I am not following a strict diet.
...I can't give that up.
Surgery is not magical. You need to strictly follow your post-op eating guidelines if you want to see results. For most people, that is 600 - 800 calories, 60+ g protein, and under 25g carbs. If you're not following protocol, then this stall is completely your fault.

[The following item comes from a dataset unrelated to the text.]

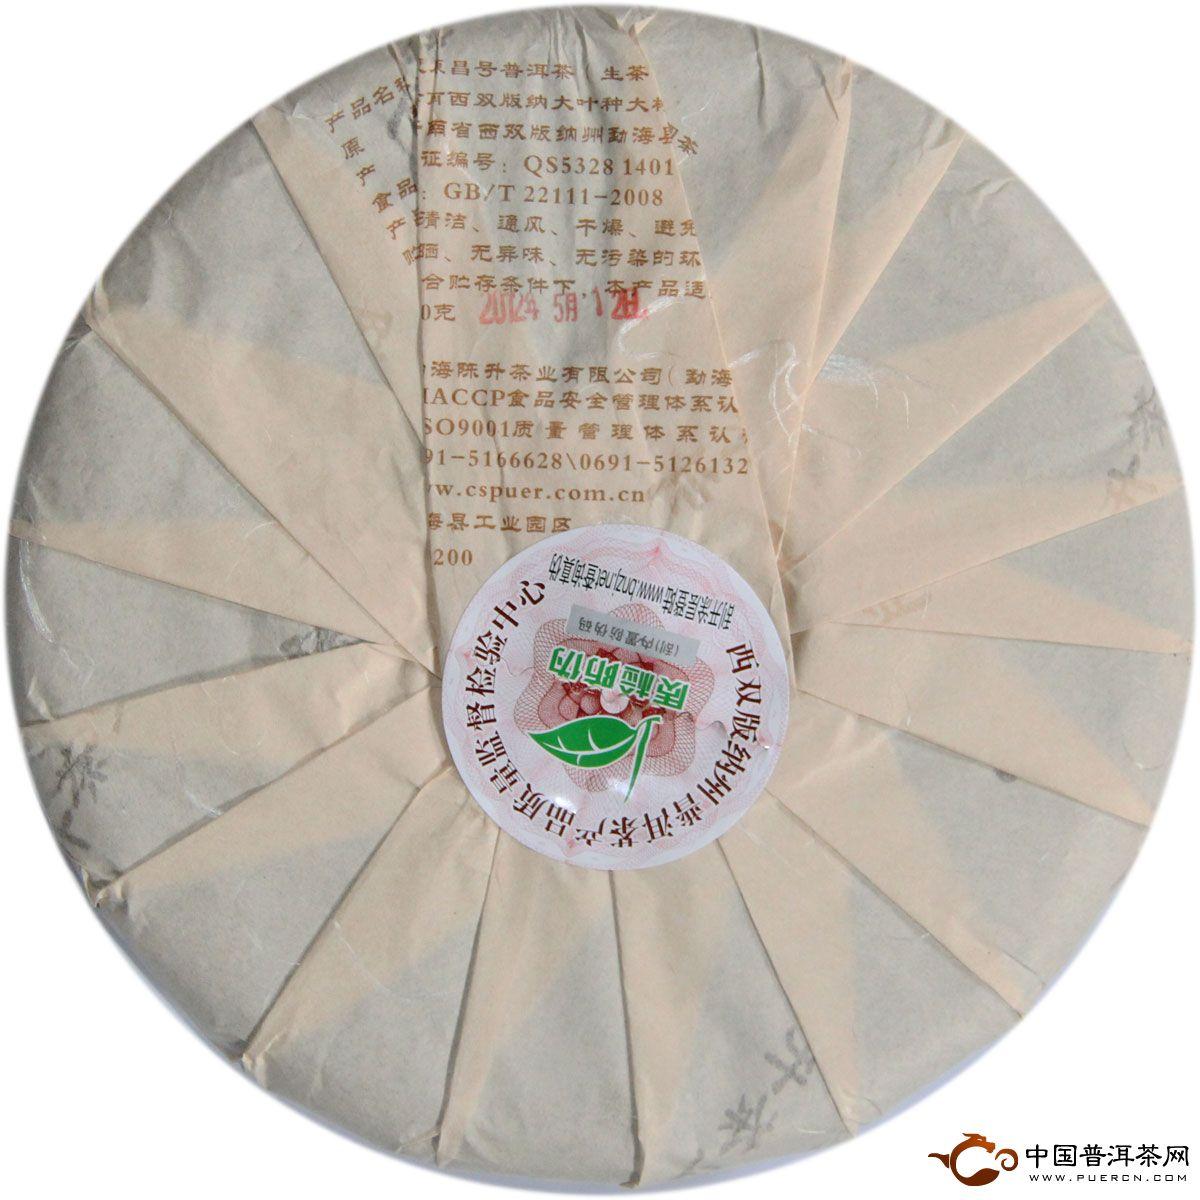 2012年陈升号复原昌号古韵圆茶(生茶) 500克
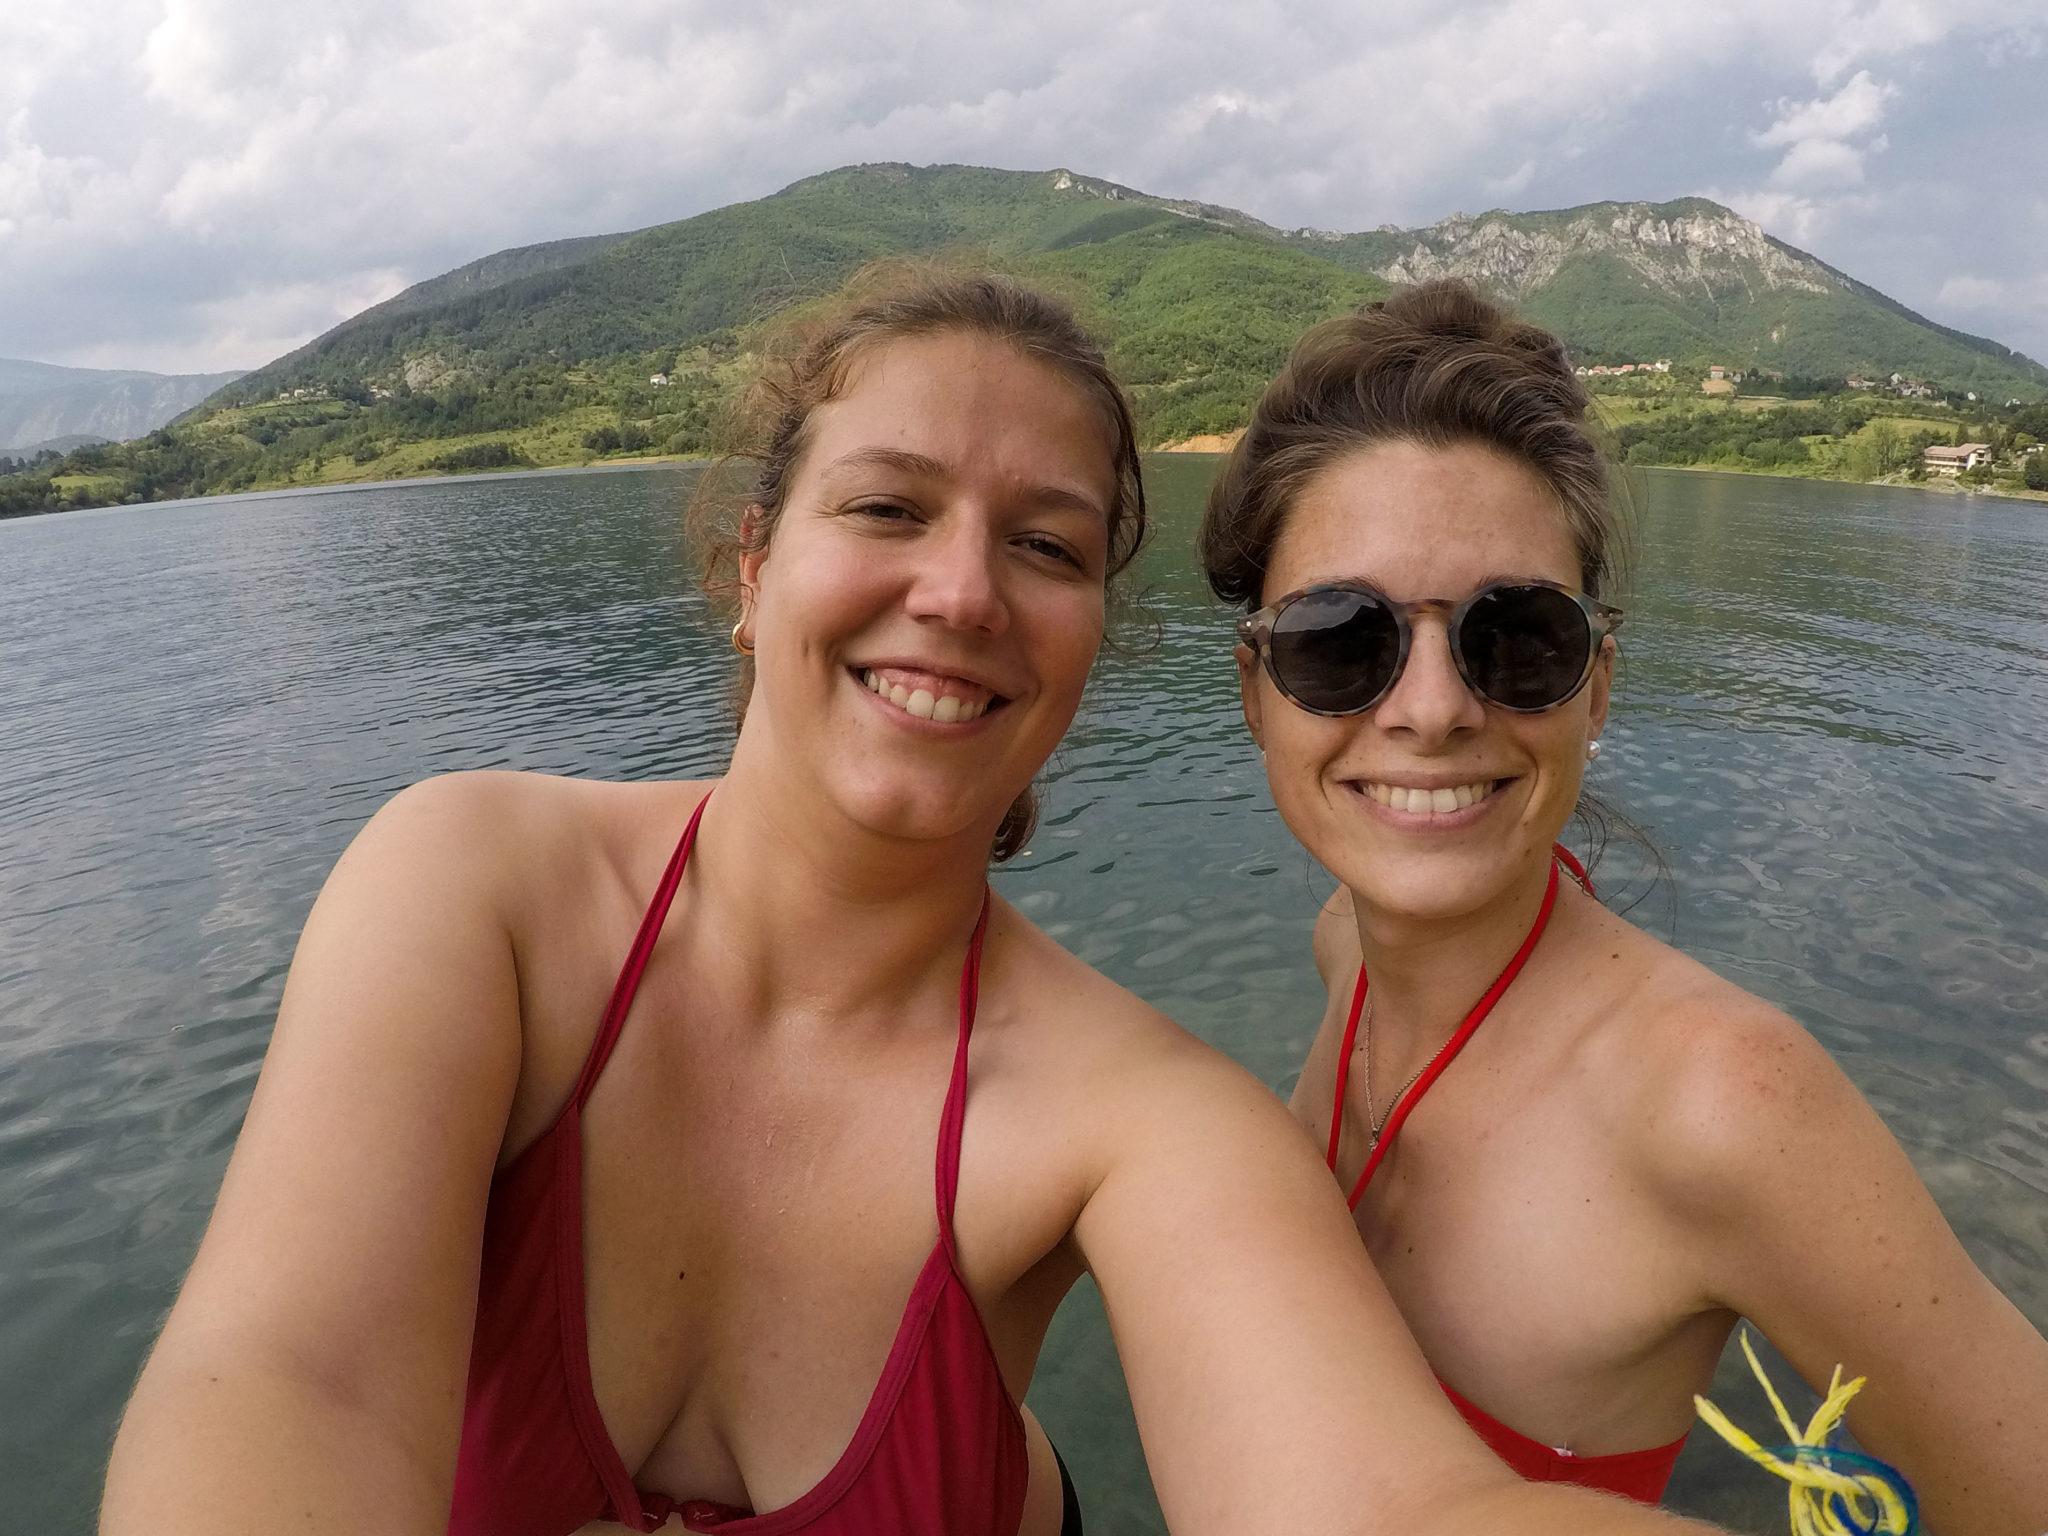 Deux voyageuses, seules, à Ramsko Jezero, le lac de Rama en Bosnie-Herzégovine - Un été nomade en Bosnie - Voyages et Vagabondages, le blog du voyage en solo et au féminin

When you say "some carbs," what do you mean? How many grams a day? What kinds of foods? And why "can't" you give them up? Is somebody force-feeding you melba toast? If you're still having nausea issues, that's no excuse to eat carbs; you need to speak with your surgeon.
Sparklekitty / Julie / Nerdy Little Secret (#42)
Roller derby - cycling - triathlon
VSG 2013, RNY conversion 2019 due to GERD. Trendweight here!
Unless you have a documented medical condition that precludes you from following a low-carb diet then saying you "can't" just means you aren't willing to try hard enough. You're two months out. It doesn't get better than now and it's only harder and more tempting as you go.
VSG: 1/17/17
5'7" HW: 283 SW: 229 CW: 135-140 GW: 145
Pre-op: 53 M1: 22 M2: 12 M3: 12 M4: 8 M5: 10 M6: 11 M7: 5 M8: 6 M9-M13: 15-ish
LBL/BL w/ Fat Transfer 1/29/18
I think sometimes you have to tailor your diet to meet your needs. I have a hard time with protein. Not a lover of all meat. Can do fish and seafood, but get sick of it quick. I have to be very creative to get the protein in. I definitely supplement, otherwise it would be impossible. I know what is recommended for VSG, but my common sense tells me there are other ways. Caloric deficit! Truly proven. I can eat 70 to 100 carbs per day, stay under 1000 cals per day, and still meet my protein goal. When I stop losing, I'll tweak things a little.
FYI: talking about good carbs (yogurt, nuts, beans, salad, fruit, with occasional popcorn or crackers.)